Without truth, the idea of peace is absurd. If we couldn’t trust the promises we make to one another, how could anyone sleep without at least one eye open?
According to Kant’s Categorical Imperative, if I will that people only tell me things I want to hear, instead of telling me the truth, I can never really trust anything they say. Community falls apart without trust. Peace is impossible without it.
But if I trust that people love me enough to tell me the truth—even though it’s sometimes hard to hear—that would be something to be a part of, wouldn’t it?
Wouldn’t we all love to be part of what Dr. Marin Luther King, Jr. called “the beloved community”—where trust born of honesty was the defining characteristic—where I could be who I really am, without fear that my honesty about myself would be thrown back in my face, without fear that someone was hatching a plan to shame me or run me out because of my religion, race, gender, my ethnicity, sexual orientation, or gender identity?
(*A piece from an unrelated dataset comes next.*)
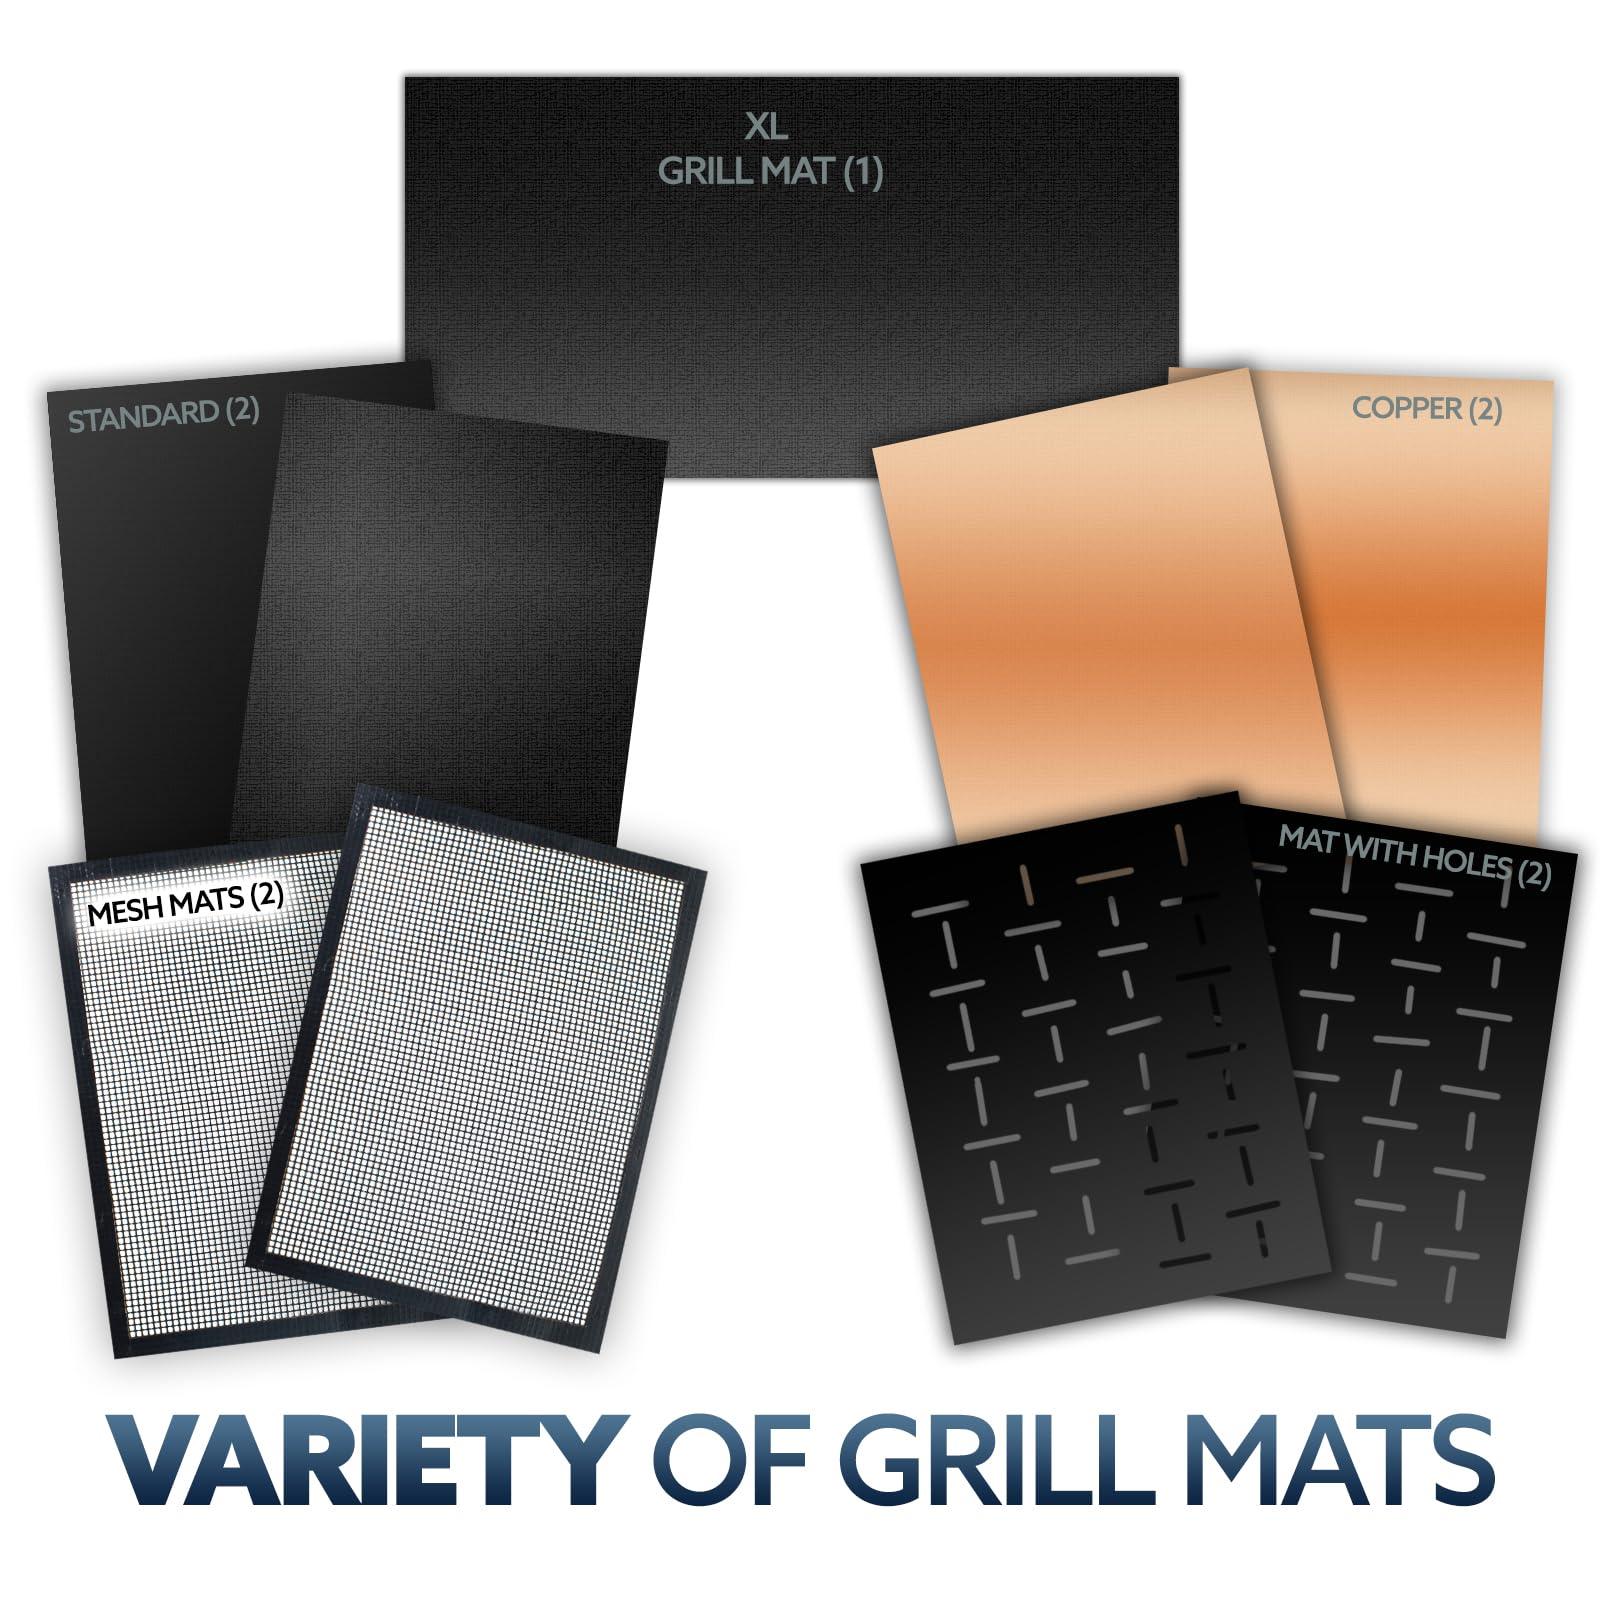 Kona Best BBQ Grill Mat - Heavy Duty 600 Degree Non-Stick Grill Mats for Outdoor Grilling | Premier BBQ Grill Accessories Nonstick Grill Matt (Set of 2) Engineered in The USA | 7-Year Warranty - CookCave
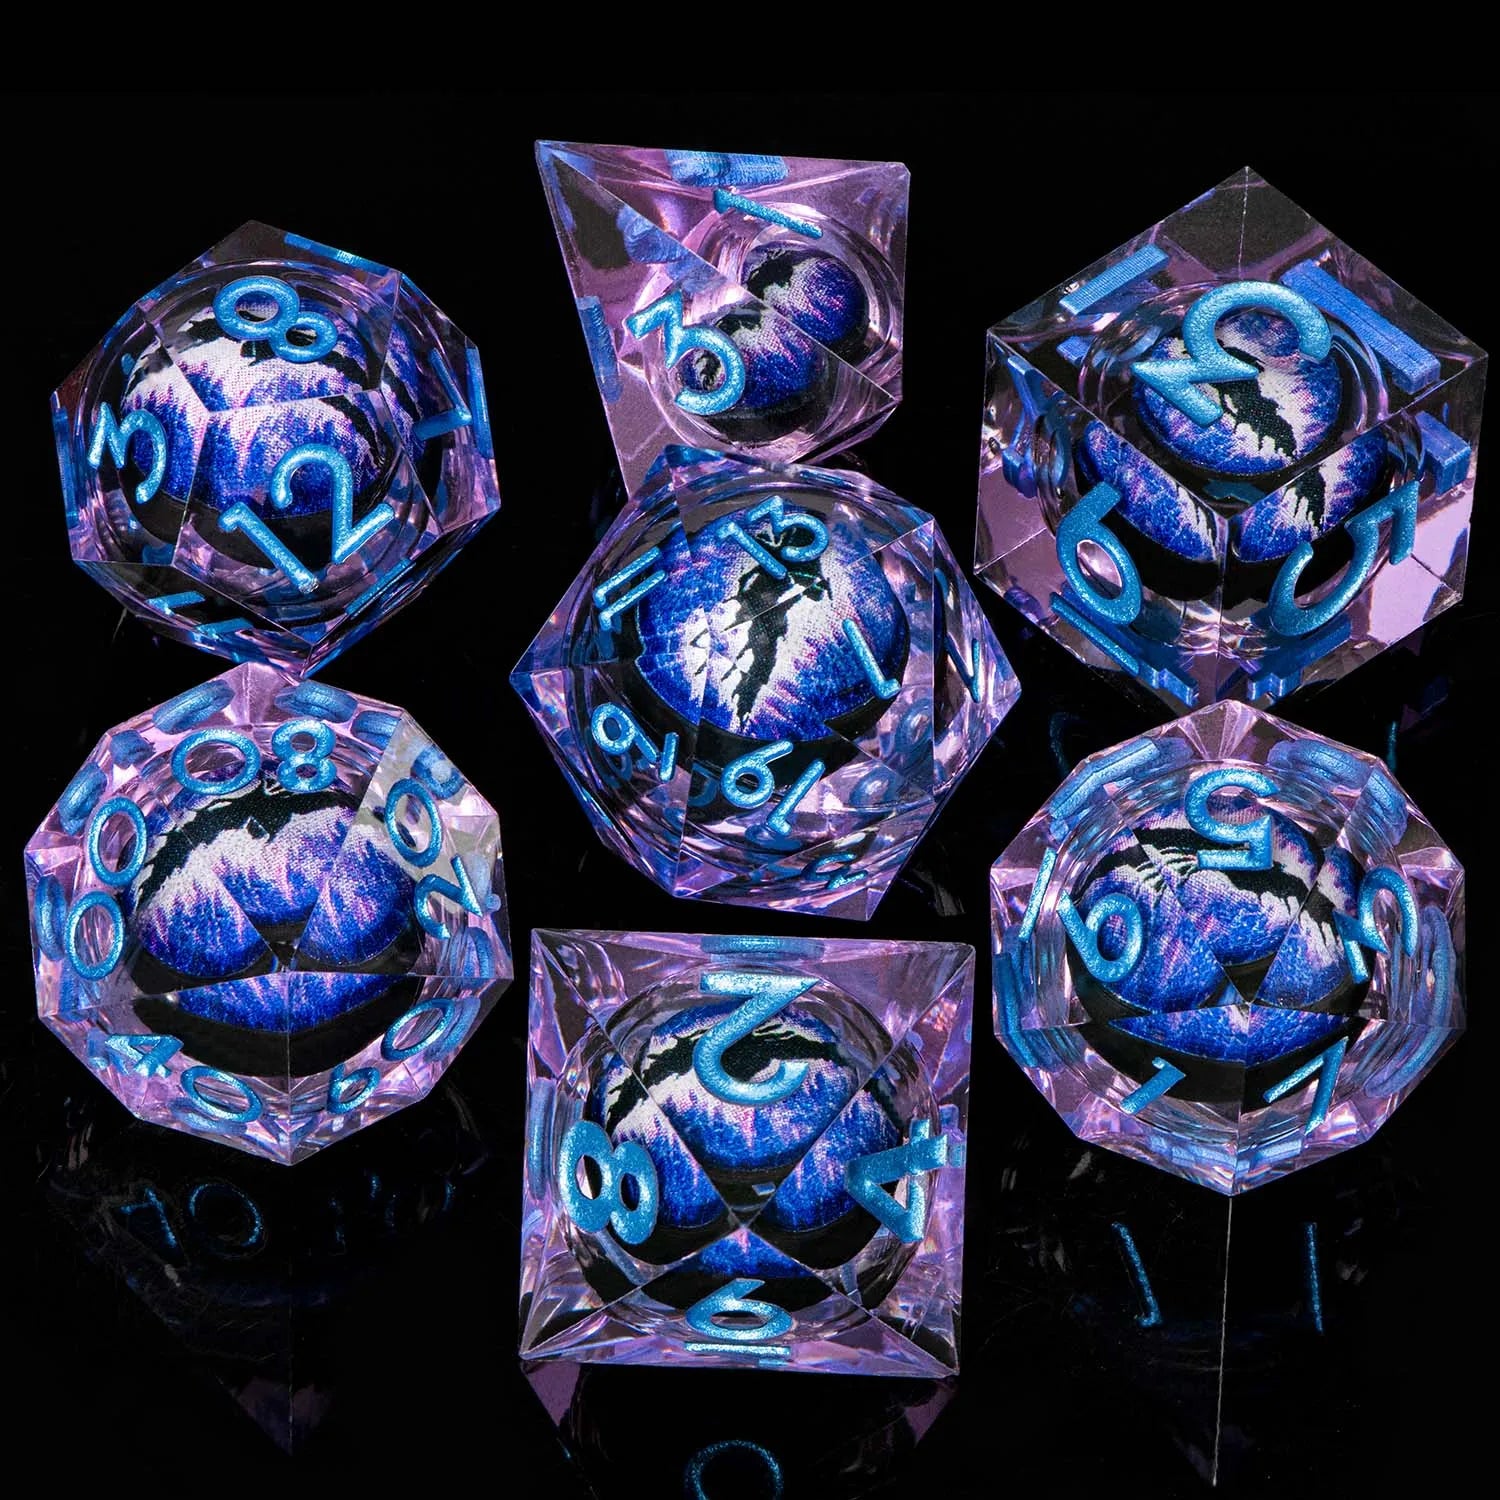 D and D Beholder's Liquid Flow Core Eye Resin Dice Set | Dnd Dungeon and Dragon Pathfinder Role Playing Game Dice | D20 D&D Dice YY-06

What if we could live together without fear of the ulterior motives behind someone else’s agenda, without fear that our differences must divide us—but that the amazing richness those differences introduce are the very thing we prize most?
If we could live together like that … wouldn’t the rest of the world be more inclined to listen when prophets and agitators talked about justice for the oppressed, compassion for the vulnerable, and peace for those in conflict?
If together we inspired the kind of trust that could withstand the forces of division, wouldn’t our voices be more easily heard when we talk about a peace that welcomes the stranger, embraces the rejected, and loves those who’ve too often felt unloved—a peace that stands confidently against the voices of hatred and fear?
If we could see in our different religious expressions a source of strength and beauty, instead of a threat to an imagined, sentimentalized world of privilege where white Christian heterosexual cis-gendered males always make the rules for everybody else—wouldn’t talk of peace be more truthful, hopeful?
If those who truly desire peace at this special time of year could be that kind of community, we wouldn’t need membership cards—all we’d need are open doors and enough seats around the table.